Ele era um visionário diz a professora de Turismo da UFF Telma Lasmar, coautora do livro sobre os 95 anos do bondinho.

Do bisavô, que não conheceu, Octavio guarda a imagem retratada na estátua ao lado do antigo bondinho, no Morro da Urca: um senhor elegante, de chapéu, gravatinha borboleta e bigode bem feito. As histórias do parente ilustre foram contadas pelo pai,que foi educado por Augusto Ramos. O avô de Octavio, o também engenheiro Theodoro Ramos, morreu precocemente em 1936.

Como ele não era abastado, convenceu a alta sociedade da época a construir o bondinho conta ele, de 52 anos, que pisou pela primeira vez no teleférico aos cinco anos.

Fundos captados nas altas rodas

Entre os investidores, estão nomes de famílias ilustres como o industrial Manuel Antônio Galvão, Candido Gaffrée, Eduardo Guinle e Raymundo Ottoni de Castro Maya.

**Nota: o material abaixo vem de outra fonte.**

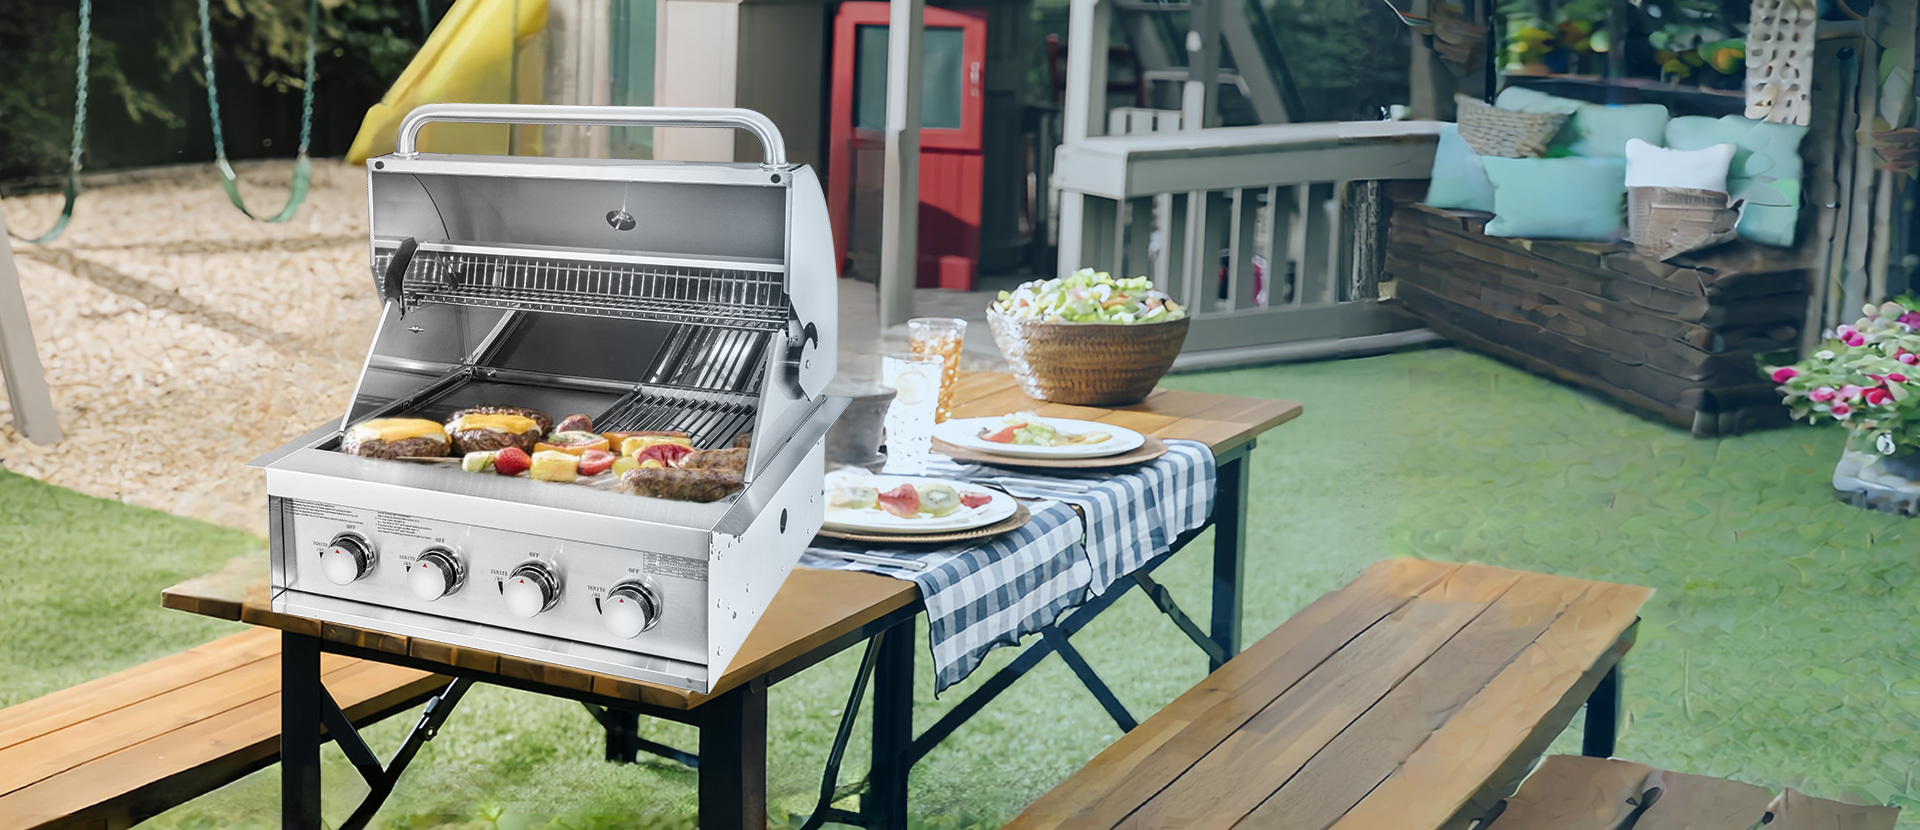 Stainless Steel Outdoor Built In Gas Grill

Em 1912, o engenheiro dividia a direção do negócio com o comendador Fridolino Cardoso.

A Companhia Caminho Aéreo Pão de Açúcar foi aberta com um capital de 360 contos de réis, e a construção do teleférico custou dois milhões na mesma moeda. Parte do dinheiro veio do café. Como o país não possuía indústrias que fabricassem teleféricos, buscou-se uma solução lá fora. Foi contratada a empresa J.Pohling, em Colônia, na Alemanha, que fabricou e montou os equipamentos. A viagem em 1912 no camarote carril custava dois mil réis, o que equivaleria a cerca de R$ 9 hoje, segundo o professor Moacyr Alvim, da Fundação Getúlio Vargas. Com o sucesso e o passar dos anos, a passagem encareceu: hoje custa R$ 53 (as regras do meio ingresso são respeitadas e crianças até seis anos não pagam).

O projeto, grandioso, caminhava na direção das intensas transformações da cidade no começo do século XX na gestão do prefeito Pereira Passos, entre 1903 e 1906.

O Rio vivia uma eferverscência cultural, econômica e política. O que era a cidade antes da República? Era acanhada, pequena, com ruas tortuosas, estreitas. O Pereira Passos chega tentando transformar a cidade colonial portuguesa. O Rio era considerado a Paris dos trópicos explica Alberto Taveira, arquiteto do Instituto Estadual do Patrimônio Cultural (Inepac), lembrando ainda um fato curioso: Em 1908, foi dado pela primeira vez ao Rio o apelido de Cidade Maravilhosa.

Depois de sua grande obra, que mudaria de vez a paisagem do Rio, Augusto Ramos escreveu, em 1923, o tratado O café no Brasil e no estrangeiro, obra comemorativa do 1º centenário da Independência do Brasil. Antes, ele já havia publicado, pela Secretaria de Agricultura paulista, o relatório A indústria cafeeira na América Espanhola. Doutora em História pela USP e historiadora da Secretaria estadual de Cultura de São Paulo, Ana Luiza Martins aponta os livros e revistas sobre o café, de autoria do engenheiro, como as mais significativas publicações do tipo na época:

Augusto Ramos teve um papel fundamental. Ele traçou políticas para o café numa época de crise.

Augusto Ramos morreu em 1939. Em 34, Carlos Pinto Monteiro assumiu o bondinho e, em 62, foi a vez de Cristóvão Leite de Castro, pai da atual diretora, Maria Ercília Leite de Castro.